Martha Jean-Claude (21 mars 1919 - 14 novembre 2001) était une écrivaine haïtienne, militante des droits civiques , artiste et compositrice. Elle est née à Port-au-Prince , Haïti et était bien connue internationalement au cours de sa vie et pouvait se produire dans de nombreuses langues. Elle a incorporé le folklore haïtien et les paroles vaudou dans ses performances. Elle s'est prononcée contre les autorités haïtiennes qui exploitaient le peuple haïtien. Elle a été arrêtée en 1952 sous l'administration du président Paul Eugène Magloireaprès avoir publié sa pièce "Anriette". Les responsables considéraient qu'il était dirigé vers et contre le gouvernement à l'époque. Lorsqu'elle a été arrêtée, elle était enceinte mais a été relâchée deux jours avant d'accoucher.

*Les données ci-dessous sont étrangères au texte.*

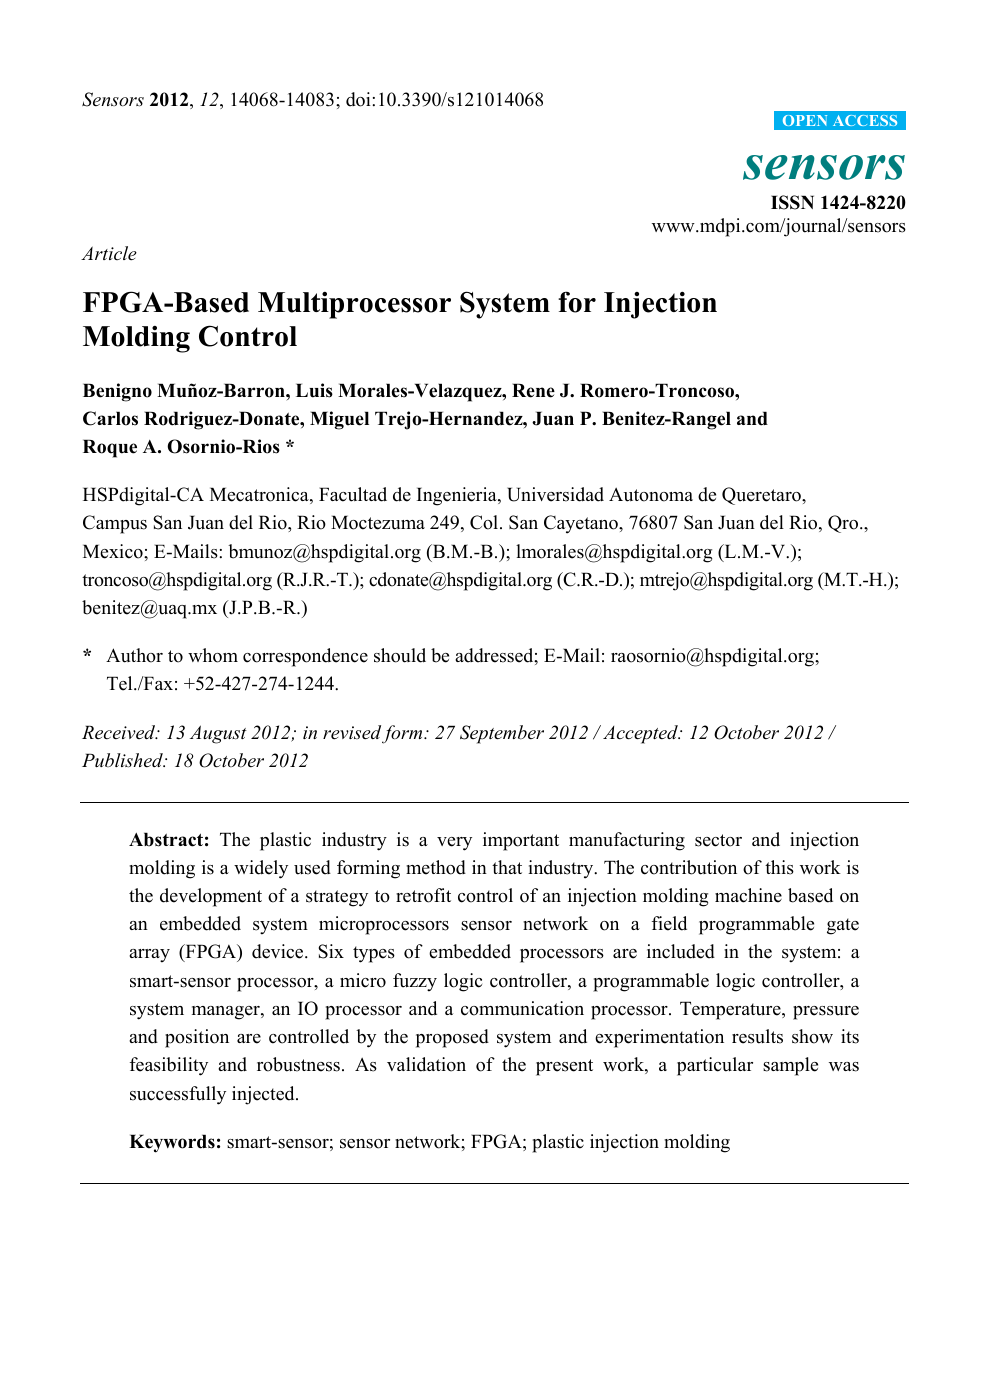 Fpga Based Multiprocessor System For Injection Molding Control Topic Of Research Paper In Electrical Engineering Electronic Engineering Information Engineering Download Scholarly Article Pdf And Read For Free On Cyberleninka Open Science Hub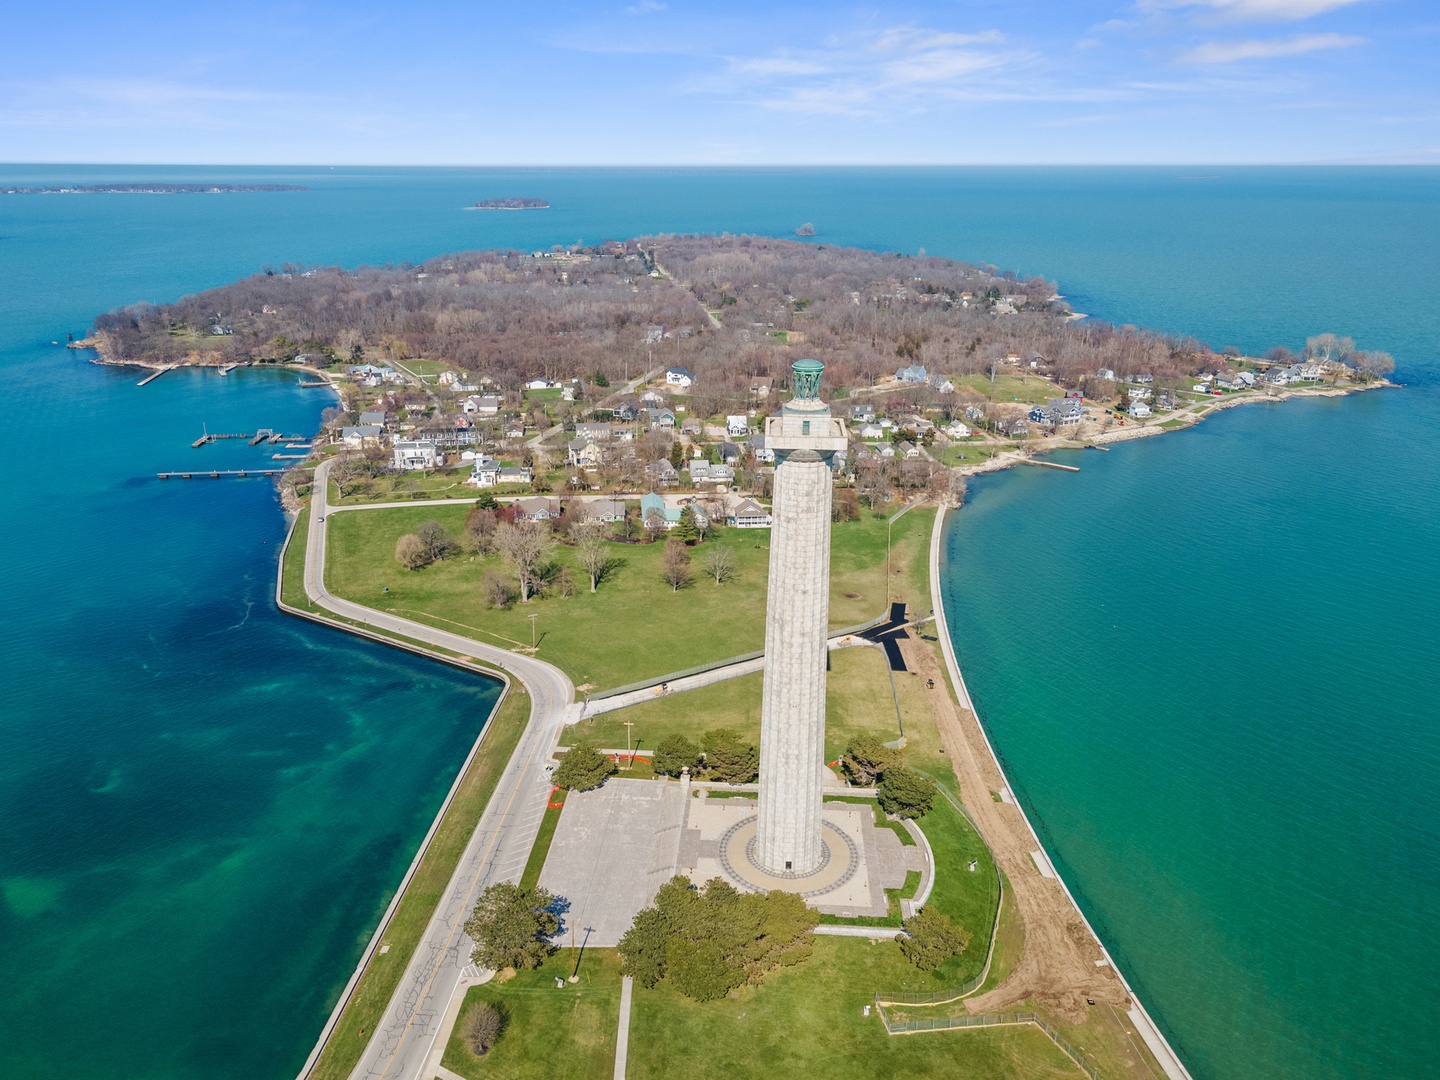 Find your perfect island oasis at Bayshore Resort on Put-in-Bay

Jean-Claude est exilé à Cuba le 20 décembre 1952. Elle est mariée à Victor Mirabal , journaliste cubain.  Jean-Claude était bien connu des communautés hispaniques qui admiraient son talent et son activisme. Elle a été présentée dans des émissions de radio et de télévision à Cuba. Elle est apparue dans le film Yambaó (1957) qui mettait en vedette l'actrice cubano-mexicaine Ninón Sevilla .  Cuba l'a revendiquée comme une grande artiste de ce pays. Elle est devenue membre de l'Union cubaine des écrivains et des artistes. Elle s'est produite dans de nombreuses salles internationales, notamment: Salle Claude Campagne, Casa de las Américas à Cuba, Palais des Beaux-Arts à Paris, Madison Square Garden à New York, Maison de l' UNESCO à Paris, Siège des Nations Unies à New York et pour la Faculté de musique de l'Université de Montréal . Elle a voyagé et visité presque tous les pays d'Amérique centrale et du Sud et l'Angola . Elle s'est également exprimée au Panama contre ceux qui violent les droits humains fondamentaux dans ce pays. Elle écrit et interprète des chansons politiques. Jean-Claude est également apparu dans le film cubain Simparele (1974) réalisé par Humberto Solás .

Jean-Claude a eu quatre enfants avec Mirabal : Linda (chanteuse d'opéra), Sandra (musicienne), Magdalena (médecin vivant à Cuba) et Richard. Son fils Richard Mirabal a été directeur de la Fondation Martha Jean-Claude, qui promeut les liens culturels entre Haïti et Cuba.  Son fils Richard a produit le film Fanm De Zil [Femme des deux îles] (2000) sur sa vie et son œuvre.  

 Jean-Claude est retourné en Haïti en 1986. Elle est décédée à La Havane , Cuba, le 14 novembre 2001, à l'âge de 82 ans, chez elle.  Elle a été décrite comme "... l'un des joyaux les plus précieux qu'Haïti ait jamais eu."